The value function identifies the inflection point where the trajectory transitions from progress to failure.

Why discard instead of label positive? Actions before the failure point were moving toward the goal, but they were insufficient - they didn't prevent the eventual failure. Labeling them positive could teach suboptimal behaviors. Labeling them negative is clearly wrong. Discarding them avoids contaminating the training signal.

Why this works: The value function provides a dense progress signal that identifies exactly when the trajectory "turned bad." This is more precise than trajectory-level returns, which assign blame uniformly.

🔧Value Function Dynamics in Failed Trajectories▶

The value function $V_\phi(s)$ is trained to predict cumulative return (negative steps-to-success). In successful trajectories, $V_\phi(s_t)$ monotonically increases toward 0 as the robot approaches the goal. In failed trajectories, $V_\phi(s_t)$ typically shows a characteristic pattern:

Early phase: Value improves (robot approaching goal), $V_\phi(s_t)$ decreasing (fewer predicted steps remaining)
Failure point $K$ : Value reaches minimum (closest to success)
Late phase: Value deteriorates (robot drifting away), $V_\phi(s_t)$ increasing as penalties accumulate

The argmin captures the inflection point between these phases. This requires a reasonably well-calibrated value function - if $V_\phi$ is inaccurate, the detected failure point will be noisy.

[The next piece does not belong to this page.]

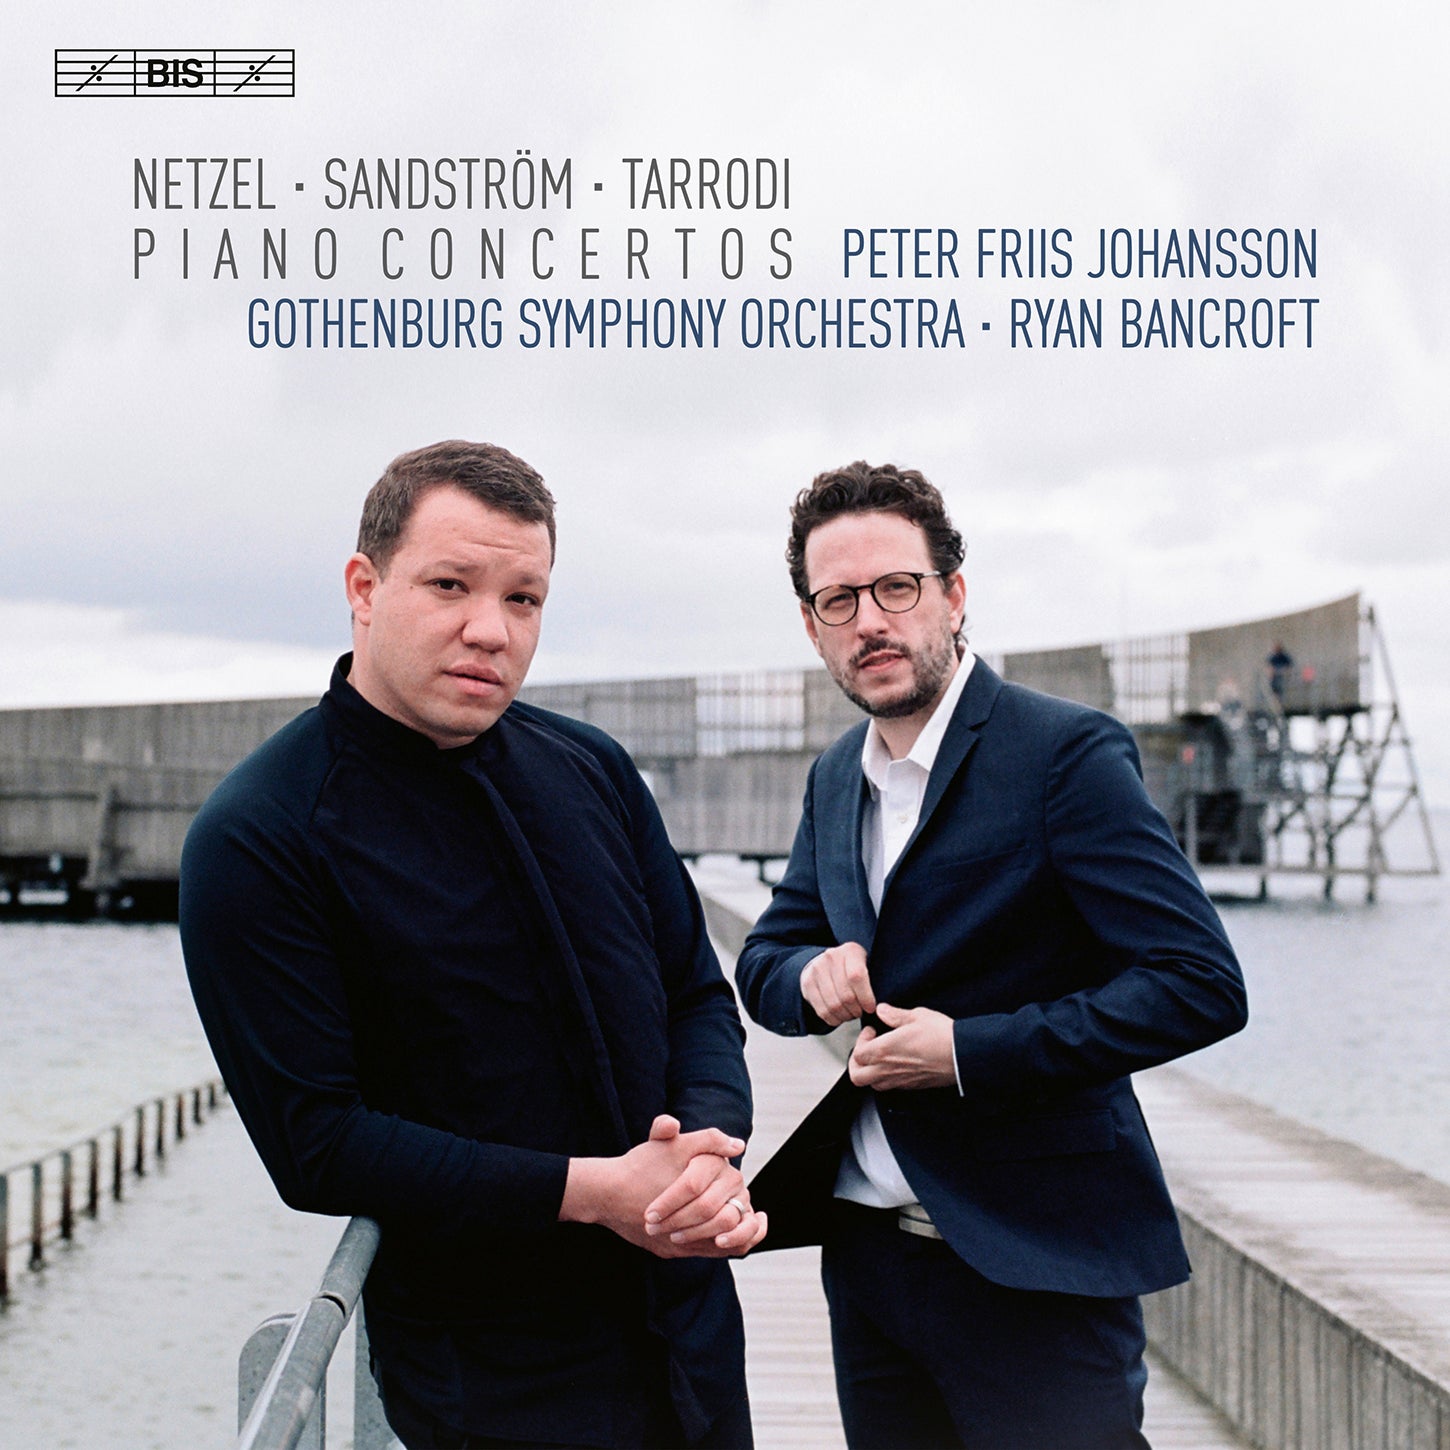 Netzel, Sandstrom & Tarrodi: Piano Concertos / Johansson, Bancroft, Gothenburg Symphony

However, RECAP's value function is trained on a mix of successful and failed trajectories with simple step-count rewards ( $r = -1$ per step, $r = 0$ at success, $r = -C_{\text{fail}}$ at failure), which provides sufficient signal for reliable inflection detection after a few training iterations.

3.2 Active Intervention Requests

Our second contribution enables the robot to request help when uncertain, rather than requiring constant human monitoring.

Uncertainty estimation via ensemble: We train $M$ value functions $\{V_{\phi_1}, \ldots, V_{\phi_M}\}$ with different random initializations. Uncertainty is measured by disagreement:

$u(s) = \text{Var}_{i=1}^{M} \left[ V_{\phi_i}(s) \right]$

High disagreement indicates the ensemble hasn't seen similar states during training - the robot is in unfamiliar territory.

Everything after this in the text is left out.